The question hinges on the best answer to a previous question, when are two proofs the same? I believe that the only satisfactory answer to this earlier question is by considering the construction implicit in the proof. Two proofs are the same when they give the same construction.
To isolate a construction, one must carefully distinguish between a proof of statements of the form "There exists..." and "For all...", and one must also distinguish between a statement and its double negation. For the purposes of practically distinguishing proofs, one does not need to be so pedantic most of the time.

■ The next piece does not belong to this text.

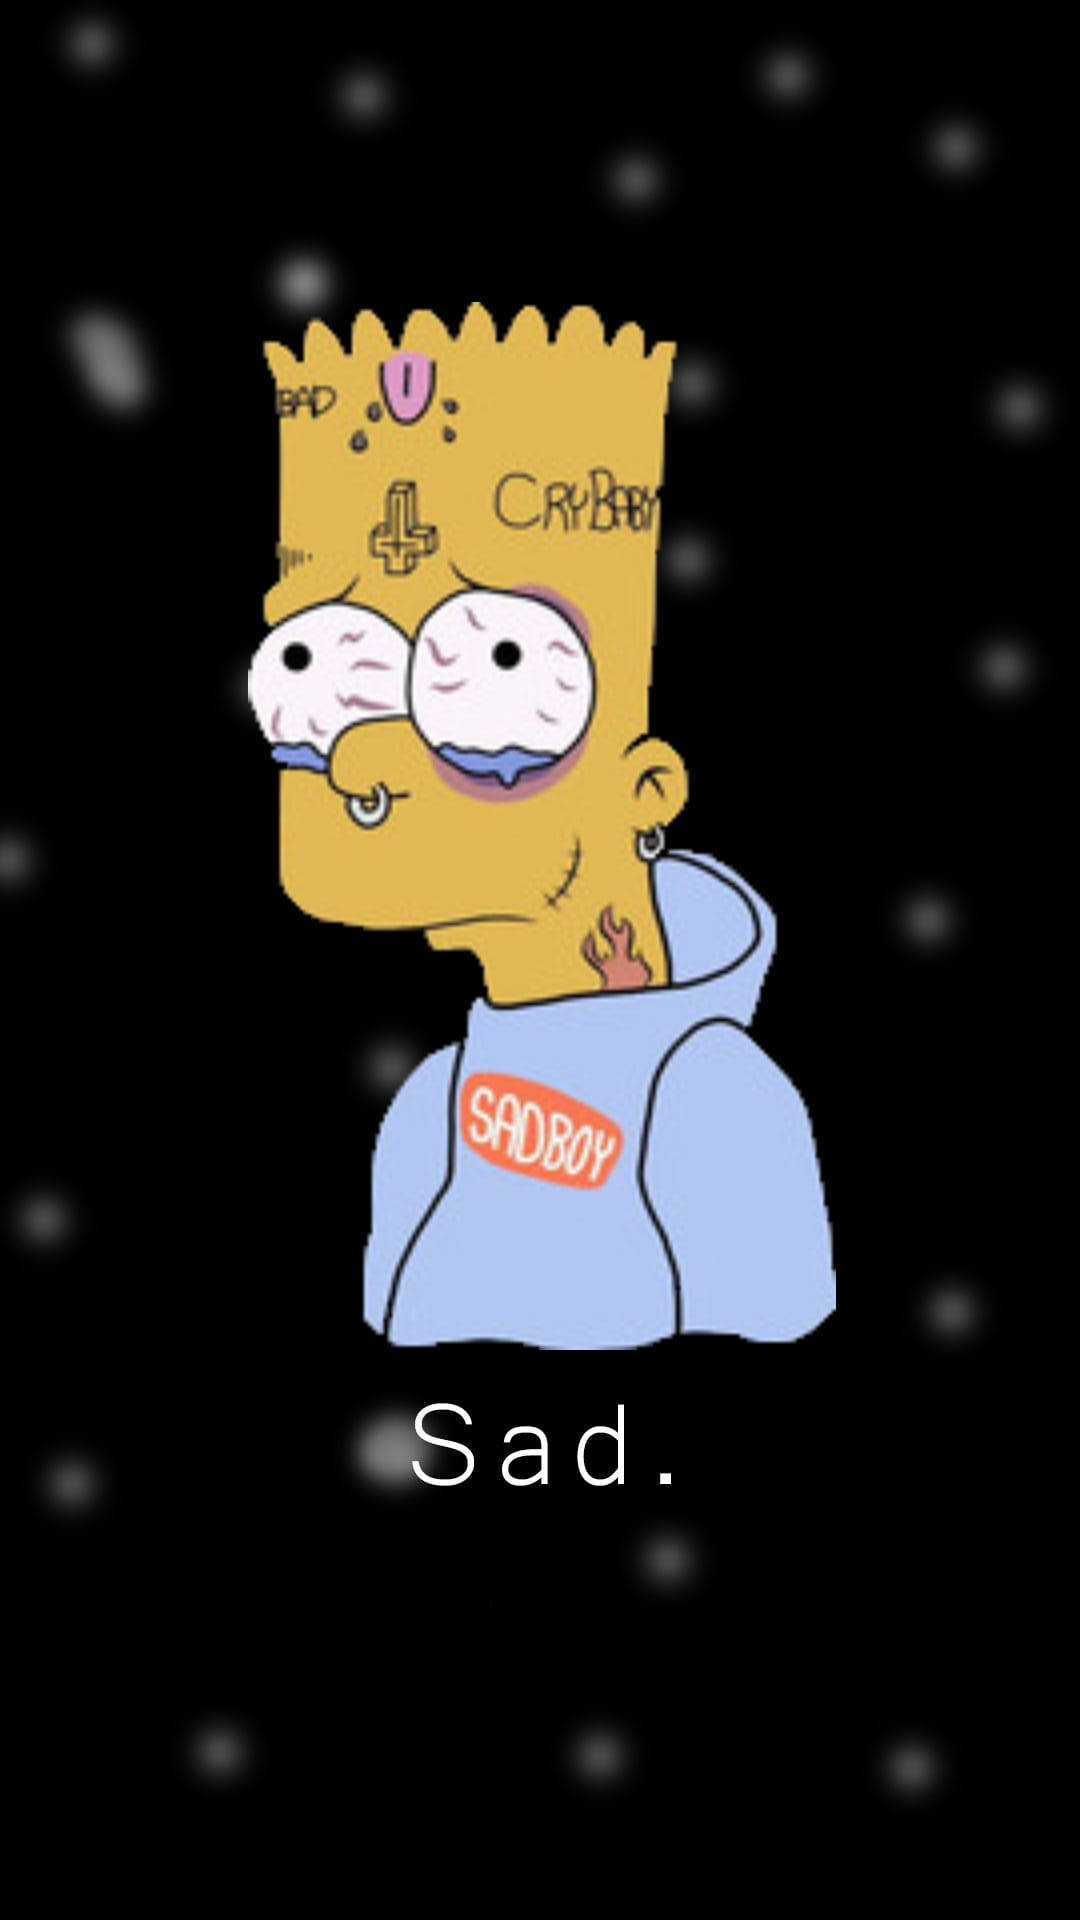 Sad Simpsons Sadboy Sweater Background
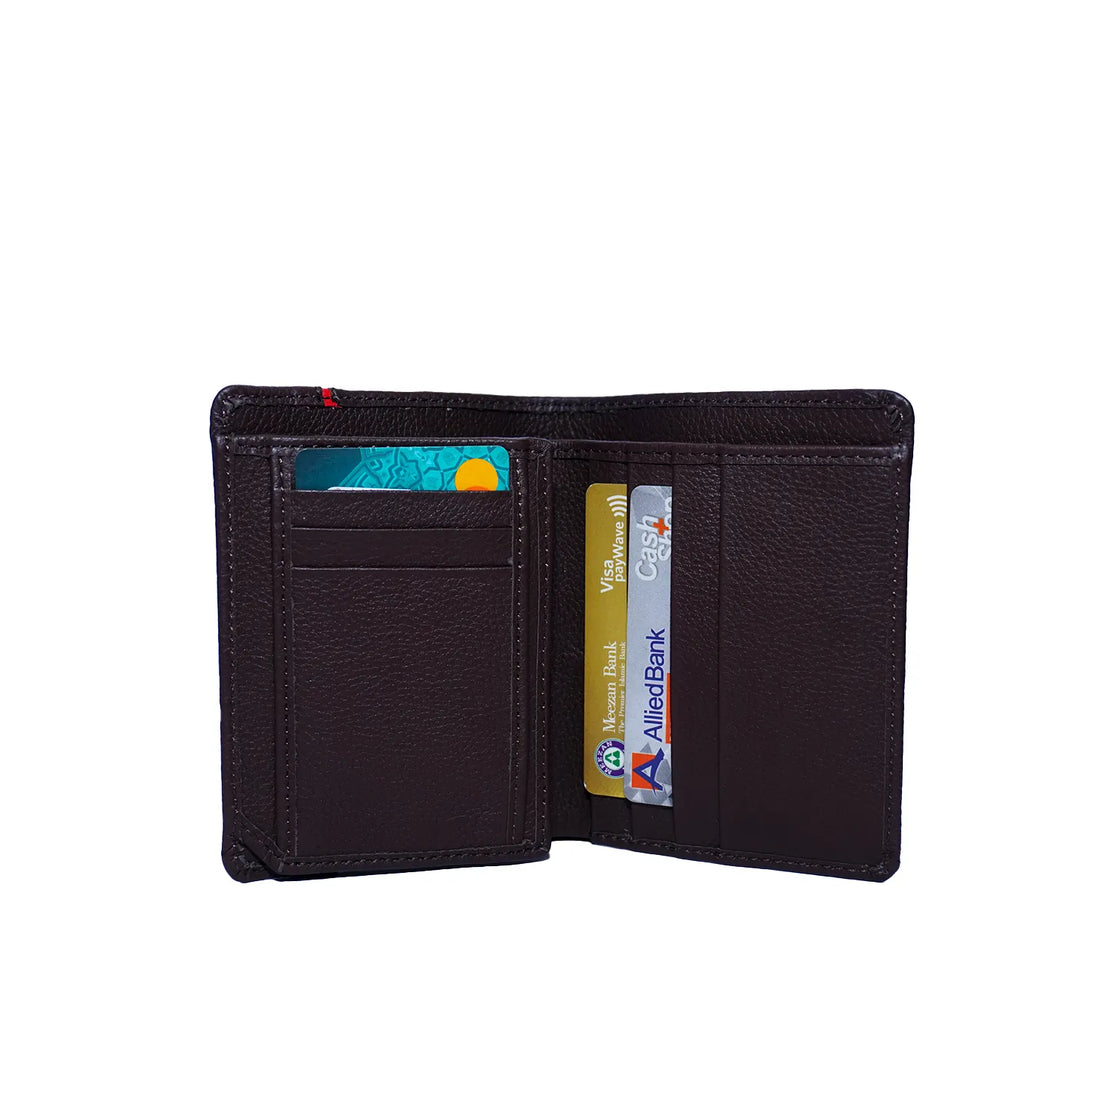 Verax Dark Brown Leather Wallet

For example, the "topological proof" of the infinity of primes is essentially the same as Euclid's proof, because given a collection of primes, when unpacked to its construction, it builds the same number.
One must note here that the problem of deciding when two programs produce the same answers is undecidable, even more so when the programs have access to oracles, which is necessary sometimes. Further complicating matters is the fact that certain programs are only superficially different to the eye, but are essentially the same. Nevertheless, I think this is a useful heuristic, which has a chance of having a precise counterpart.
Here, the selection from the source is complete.